A series of tweets by Donald Trump playing up the chances of a trade deal with China provided a much-needed boost to Asian equities Wednesday but investors trod cautiously as analysts warned of more volatility to come.
After more than doubling tariffs on USD 200 billion of Chinese goods last week -- sparking a retaliation from Beijing -- Trump has threatened to hit a further USD 300 billion with more levies if he does not get his way in high-stakes talks.
However, in a series of tweets Tuesday the president gave markets some hope that a deal between the economic titans will eventually be struck with his counterpart Xi Jinping.
"When the time is right we will make a deal with China", he wrote, adding that his "respect and friendship with President Xi is unlimited".
He went on to say: "We can make a deal with China tomorrow, before their companies start leaving so as not to lose USA business" and called on the Federal Reserve to "match" whatever the Chinese central bank does to support the US economy.
The remarks, while again accusing China of backsliding in the trade talks, provided some optimism and in early trade Shanghai was up 0.8 per cent while Hong Kong put on 0.6 per cent and Sydney rose 0.5 per cent.
Seoul added 0.6 per cent, while Taipei, Wellington, Manila and Jakarta were also well in positive territory. Seoul was barely moved.

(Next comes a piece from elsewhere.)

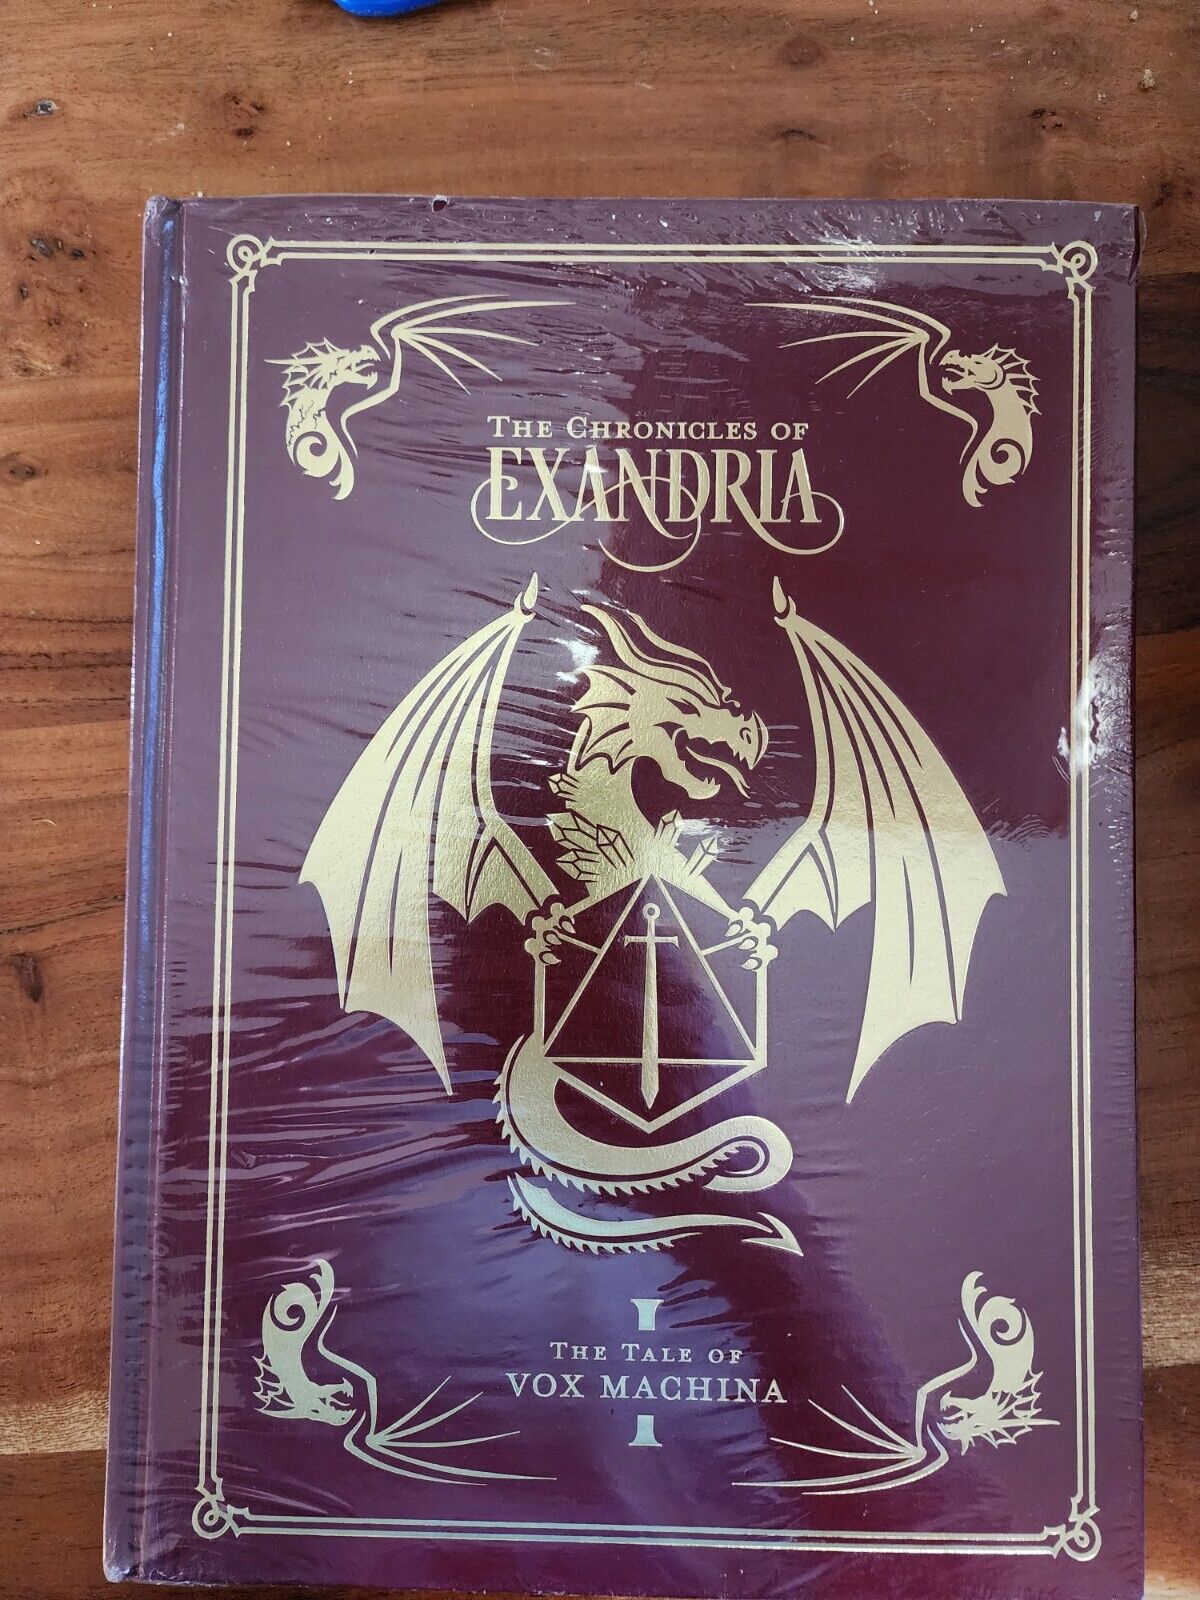 Rare The Chronicles of Exandria Vol. I Deluxe : The Tale of Vox Machina Sealed

However, Tokyo went into the break 0.8 percent lower.
Both sides have said they will resume talks in Beijing but with no date yet set dealers are looking ahead to a possible meeting between Trump and Xi at the G20 in Japan at the end of June.
"It's just too early to tell if this is a buy (on equity markets), on slightly oversold conditions, or if it's the start of stabilisation," Gina Martin Adams, chief equity strategist at Bloomberg Intelligence, told Bloomberg TV.
"Our working thesis is that we're going to be in for a period of volatility for most of the next month as we await the G20 meeting."